Bereits mehrere Wochen demonstrierten die Bolsonaro-Anhänger und ‑Anhängerinnen vor Kasernen, weil sie das Ergebnis der Präsidentschaftswahlen, die Luiz Inácio Lula da Silva im Oktober 2022 gewann, nicht anerkennen wollten, und forderten ein Eingreifen des Militärs. Ihr Ziel: Die linke Regierung um Lula, der erst vor rund einer Woche vereidigt wurde, soll wieder aus dem Amt entfernt werden. Sonntagnachmittag gegen 15 Uhr Ortszeit eskalierte die Situation schließlich, als Tausende das Regierungsviertel stürmten und in das Kongressgebäude, den Präsidentenpalast und das Oberste Gericht eindrangen. Dabei zerstörten sie nicht nur Fenster, Türen und wertvolle Gemälde, auch mehrere Abgeordnetenbüros wurden stark beschädigt.

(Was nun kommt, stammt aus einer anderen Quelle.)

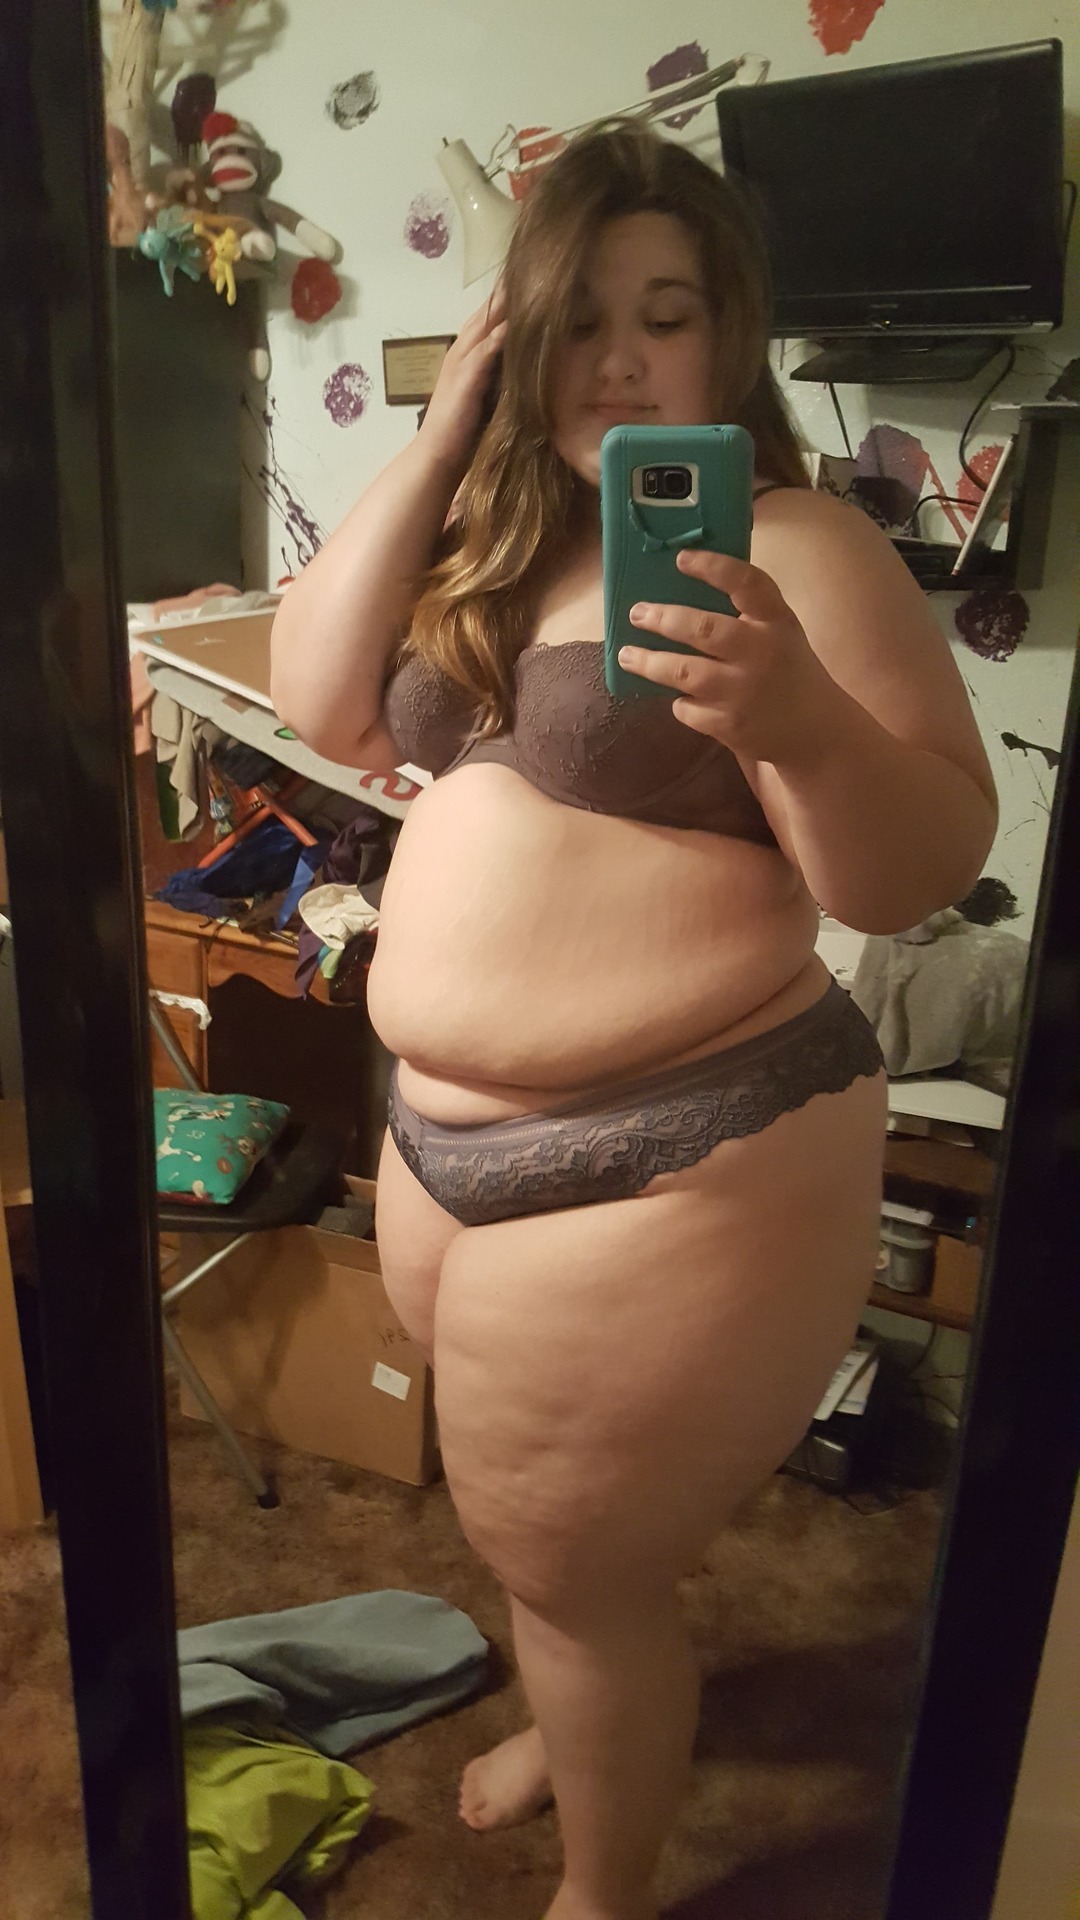 chubby girl selfie in panties naked video pics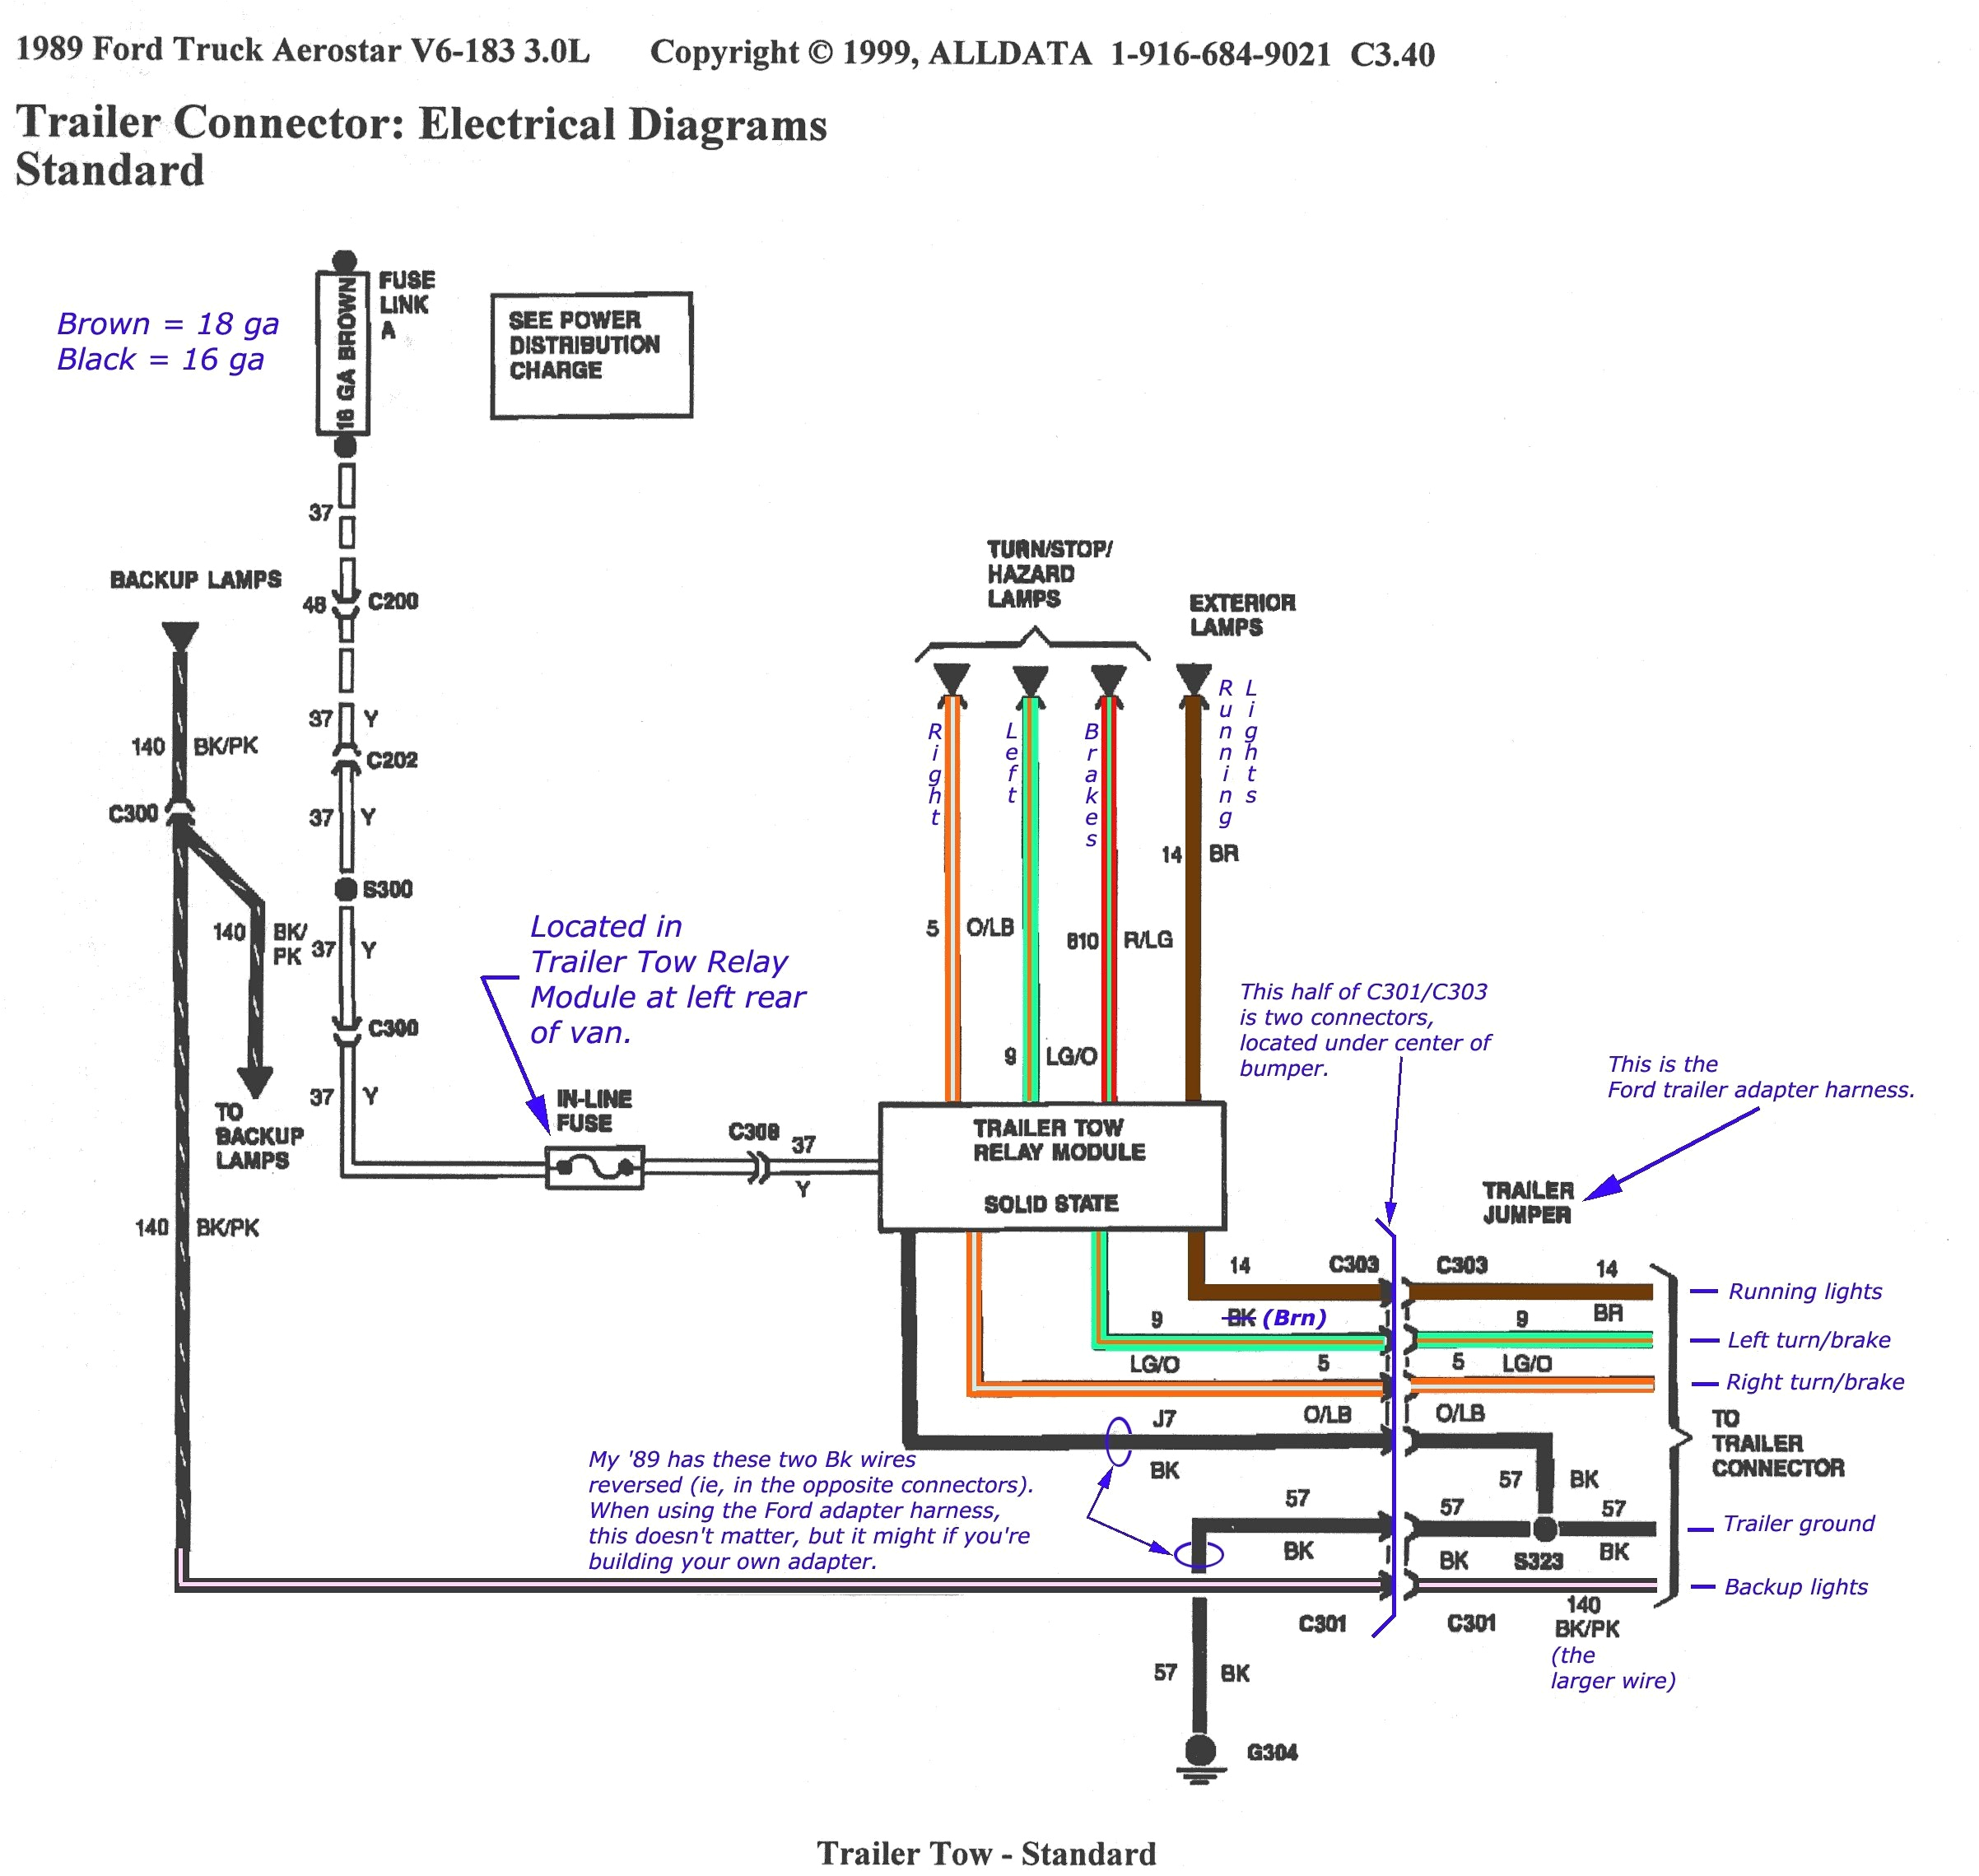 lance c er wiring harness diagram schema wiring diagram lance c er wiring harness diagram

Sturm auf Kongress: Bolsonaro-Anhänger und ‑Anhängerinnen dringen in Regierungsgebäude in Brasilia ein
Tausende Demonstrierende hatten das Parlament und andere Regierungsgebäude zeitweise besetzt und verwüstet.
© Quelle: Reuters
Auch wenn inzwischen rund 1200 Personen festgenommen wurden, steht die Polizei wegen ihrer vermeintlichen Untätigkeit stark in der Kritik. Zwar stellten sich einige Polizisten und Polizistinnen den Angreifenden entgegen und versuchten, die Attacke mit Tränengas abzuwehren, während einige andere weniger entschieden eingriffen und sich mit den Bolsonaristas unterhielten – andere filmten gar lachend das Geschehen. Das hat bereits erste Folgen: Der Sicherheitschef von Brasilia, Anderson Torres, wurde aus seinem Amt entlassen und auch der Gouverneur des Distrikts, Ibaneis Rocha, wurde vom Obersten Gerichtshof für 90 Tage suspendiert – beide sind im übrigen Verbündete Bolsonaros.
Ist Bolsonaro selbst verantwortlich?
Es dauerte daher nicht lange, bis die ersten Vermutungen kursierten, Bolsonaro selbst habe den Aufstand geplant. Zumal der von einigen Medien als „Tropen-Trump“ betitelte Bolsonaro aktuell in Florida weilt – dem Wohnsitz Trumps. Doch der Rechtspopulist wies die Anschuldigungen nach Stunden des Schweigens von sich und verurteilte die Attacke: „Friedliche Demonstrationen sind Teil der Demokratie. Plünderungen und Überfälle auf öffentliche Gebäude, wie sie heute stattgefunden haben, fallen jedoch nicht darunter“, schrieb er auf Twitter.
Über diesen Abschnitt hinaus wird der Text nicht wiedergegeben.